10

I want to prove that at least two vertices have the same degree in any graph (with 2 or more vertices). I do have a few graphs in mind that prove this statement correct, but how would I go about proving it (or disproving it) for ALL graphs?

James Rettie
  • 103
  • 1
desiigner
  • 167

3 Answers3

20

Say graph is simple with no loops and that all vertices have different degree $d_1,d_2,...d_n$, then $$\{d_1,d_2,...d_n\} = \{0,1,2...,n-1\}$$

So there is a vertex with degree $n-1$ and a vertex with degree $0$. A contradiction.

nonuser
  • 90,026
  • Perhaps it would be better to include that the graph is simple? – Shubham Johri Feb 04 '19 at 18:04
  • Is it necessary to specify "no loops"? – Shufflepants Feb 04 '19 at 22:24
  • Of course. Take a graph with two vertices and one connected to it self. @Shufflepants – nonuser Feb 04 '19 at 22:25
  • 1
    @greedoid Then by "no loops" did you mean "no self connection"? Otherwise I'd interpret "simple with no loops" as being equivalent to a tree. But in any case, the OP didn't specify "simple" or "no loops". So, it would seem the answer to the question is: it's not provable because it's not true. – Shufflepants Feb 04 '19 at 22:32
  • 1
    Because I didn't see it at first: This follows because in a simple graph the degree of any vertex must be less than the number of vertices. Thus if the vertex degrees are all different and less than $n$ they must be ${0, 1, 2..., n-1}$. – user253751 Feb 05 '19 at 00:02
  • @Shufflepants: In the terminology I'm familiar with, "graph" implies that there are no self-loops and no duplicate edges. (The term "multigraph" is more general.) I can well believe that some people use a terminology where the term "graph" allows self-loops and duplicate edges; if so, it's quite reasonable to answer the question as-is, while still clarifying the terminology by explicitly restricting it to graphs that do not have self-loops or duplicate edges. – ruakh Feb 05 '19 at 03:06
  • Question to @Aqua: if $G$ is simple there there should not be a vertex of degree $0$, so why did you associate a vertex $v_0$ with a degree $d_1=0$? Thank you. – manooooh Dec 01 '19 at 21:23
14

I assume we're talking about finite graphs.
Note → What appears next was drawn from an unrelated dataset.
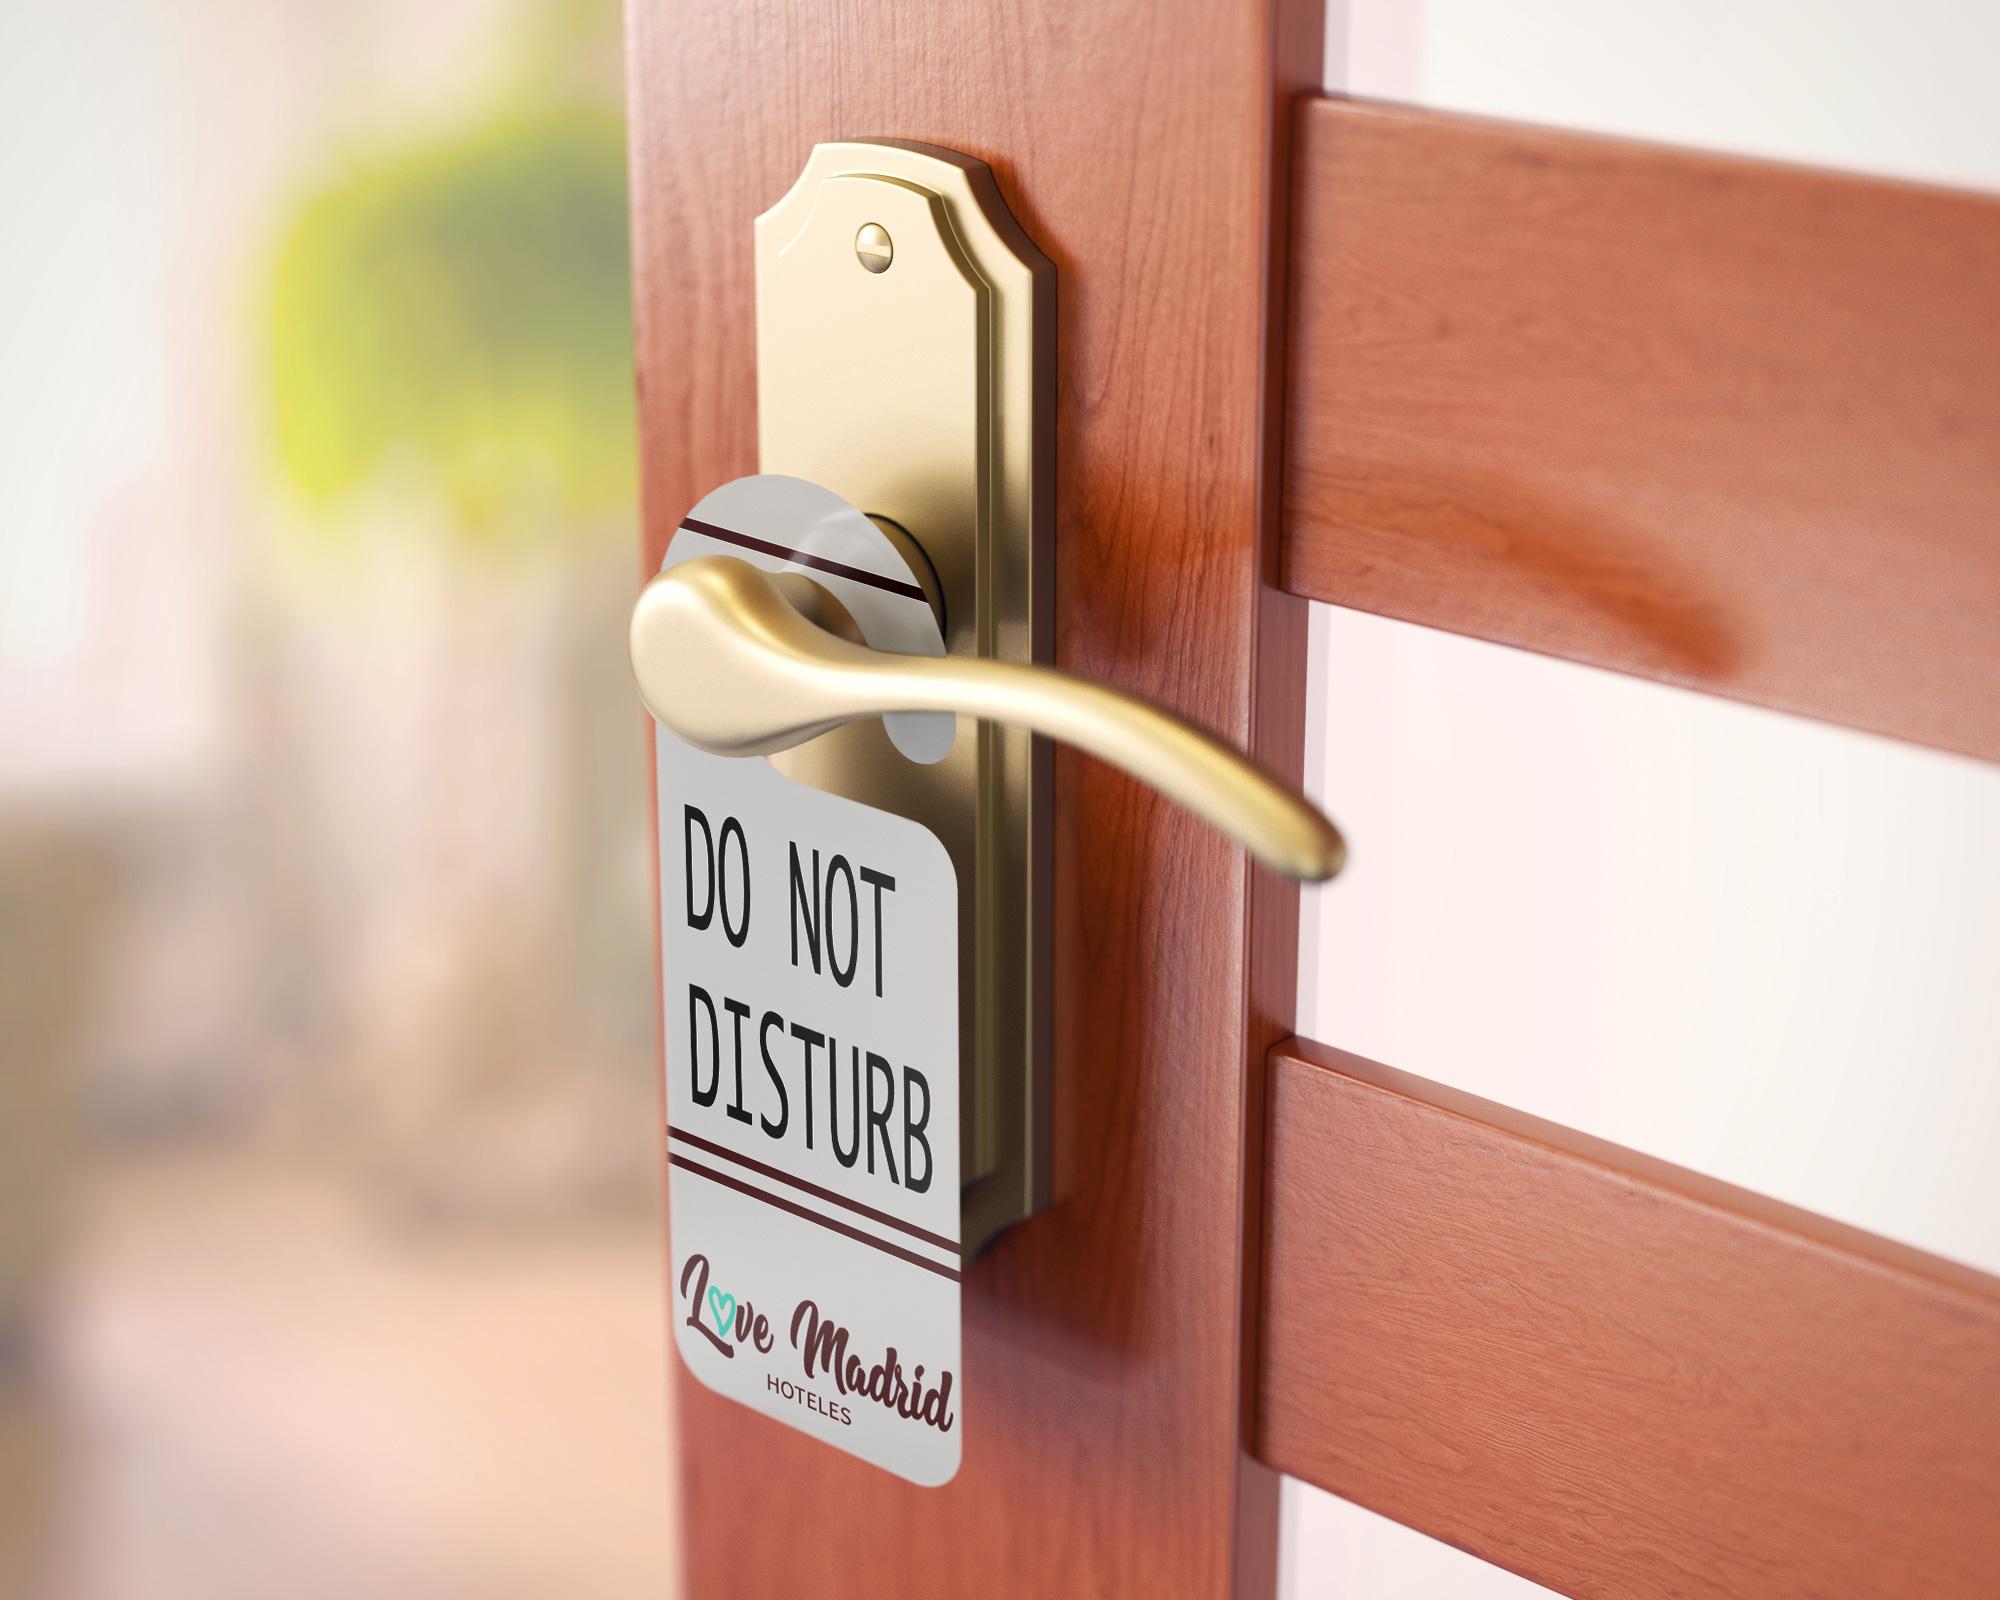 Estudio Creativo, diseño gráfico, Branding, Web, Diseño Logotipo, tarjetas de visita, colgador puerta, Hoteles, Madrid, Love, 8 Purple.
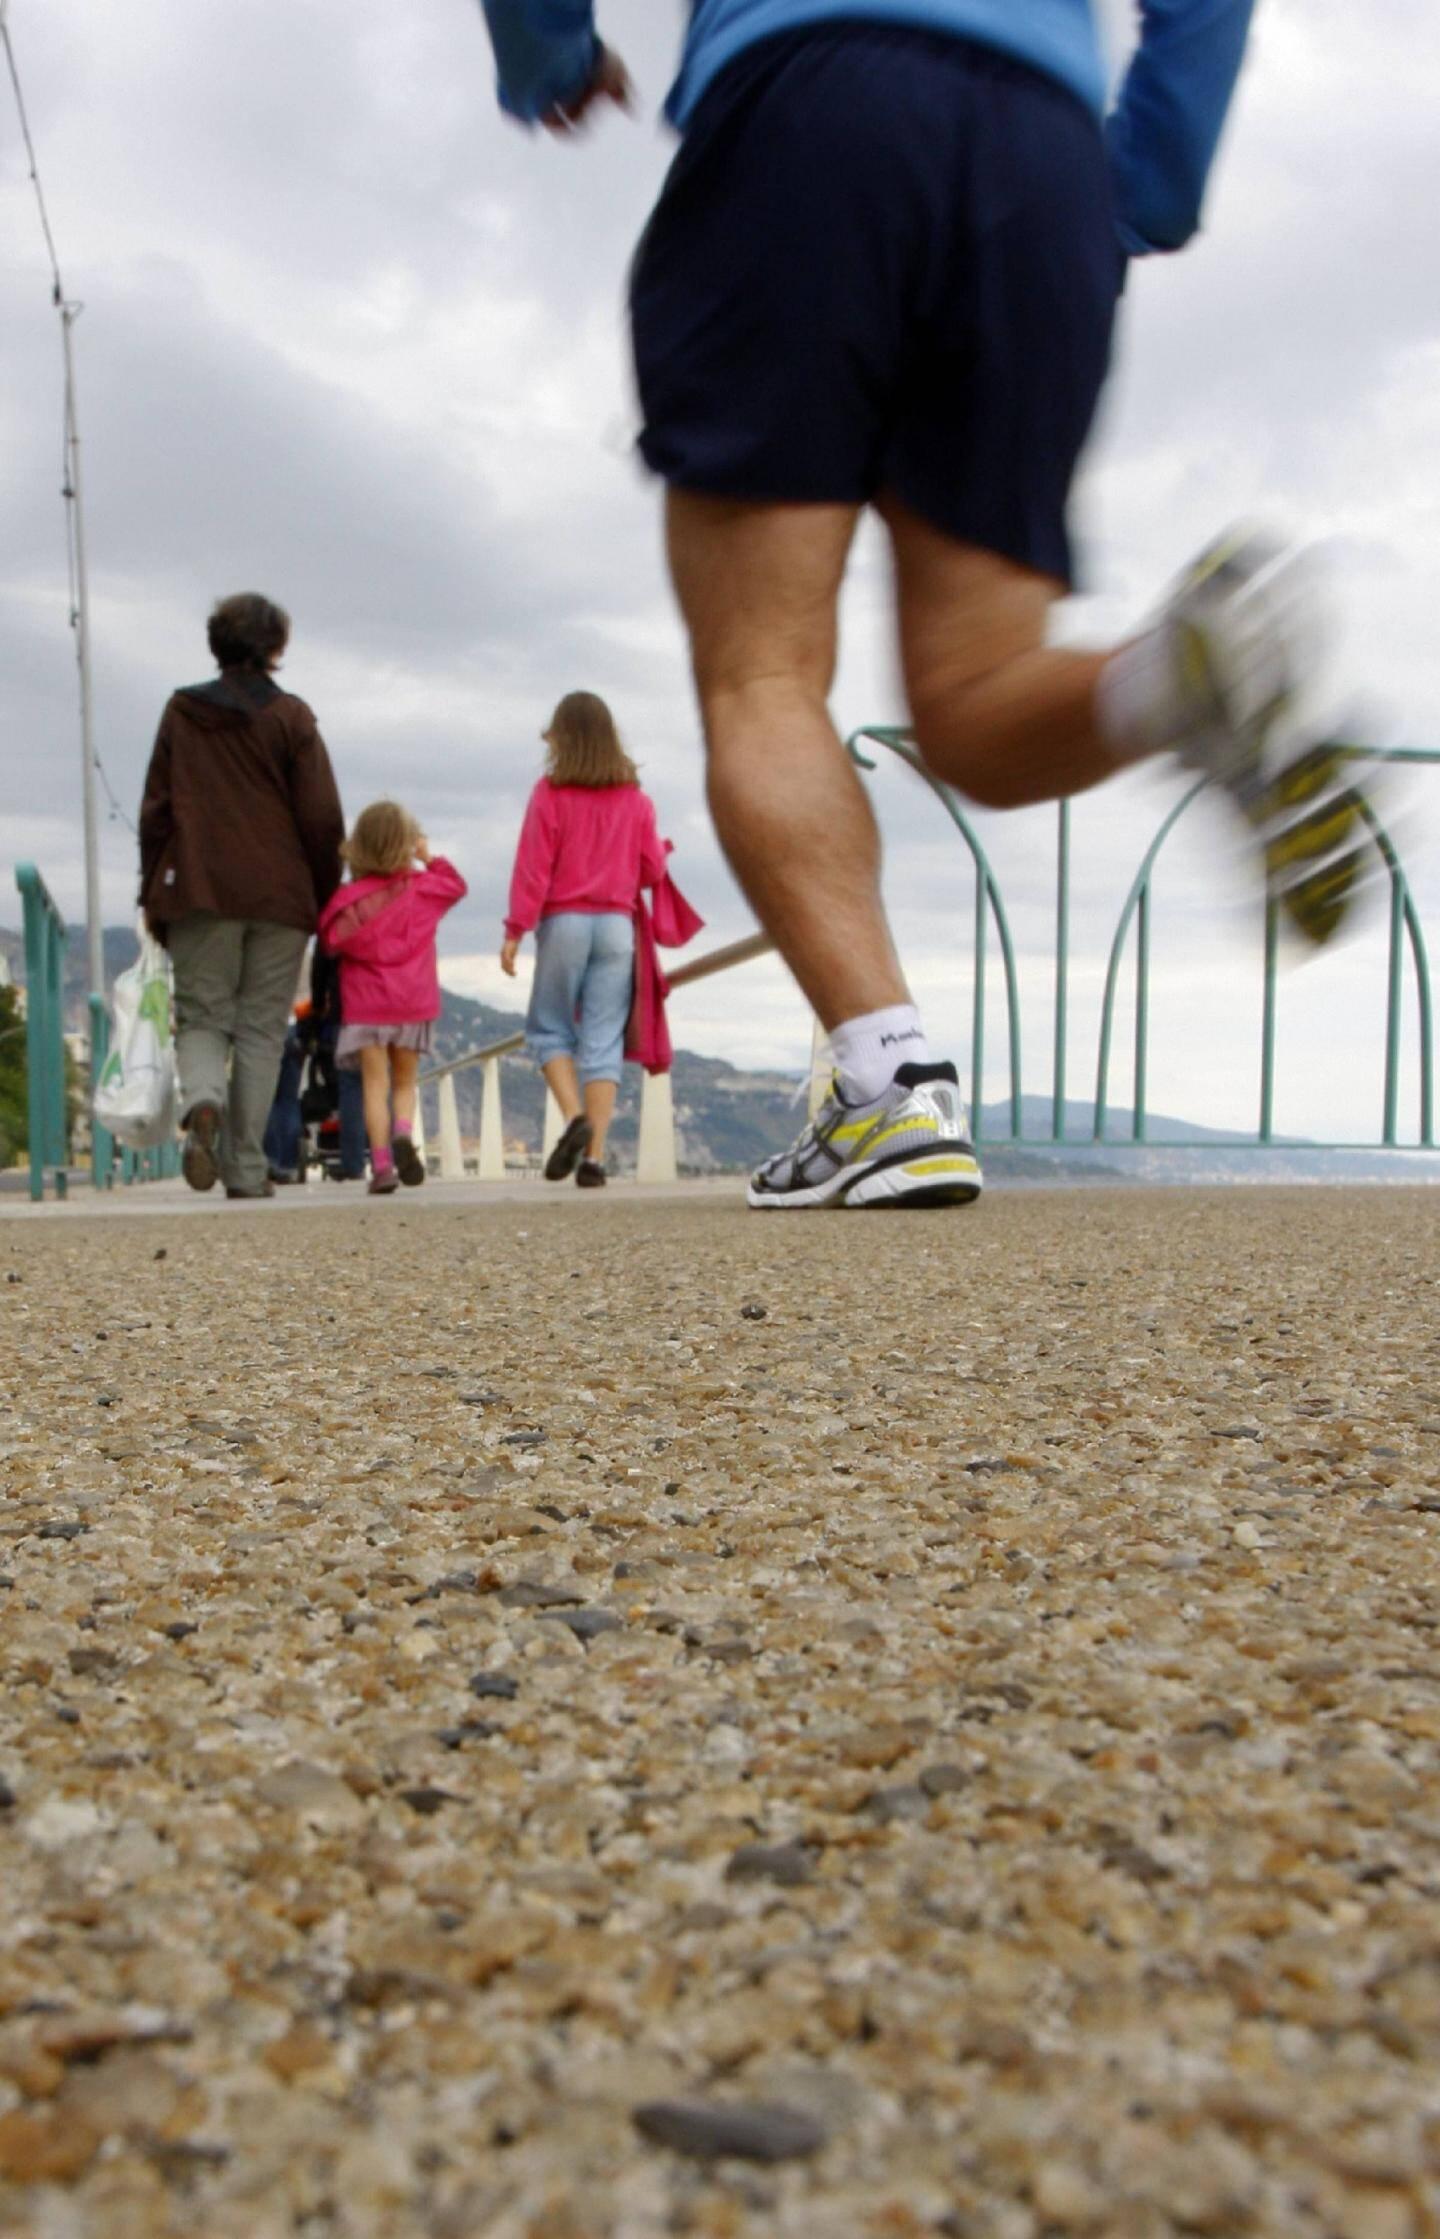 Un enrobé « végétal » jaune remplacera le revêtement d'origine. Plus agréable pour les promeneurs et plus souple pour les sportifs.

I'm pretty sure your statement is false for infinite graphs.

Assume that a finite graph $G$ has $n$ vertices. Then each vertex has a degree between $n-1$ and $0$. But if any vertex has degree $0$, then no vertex can have degree $n-1$, so it's not possible for the degrees of the graph's vertices to include both $0$ and $n-1$. Thus, the $n$ vertices of the graph can only have $n-1$ different degrees, so by the pigeonhole principle at least two vertices must have the same degree.

Robert Shore
  • 23,332
1

EDIT: Graphs are typically defined as being finite. Infinite graphs are a generalization. I did not know this at the time of the post. I will leave this answer up though in case anyone finds it useful.

Here is a counterexample.

Let $G$ be a graph on the positive integers where there is an edge from $x$ to $y$ if $x < y \le 2x$. Note that we will ignore the direction of the edges. So $2$, for example, is neighbored by $1$, $3$, and $4$.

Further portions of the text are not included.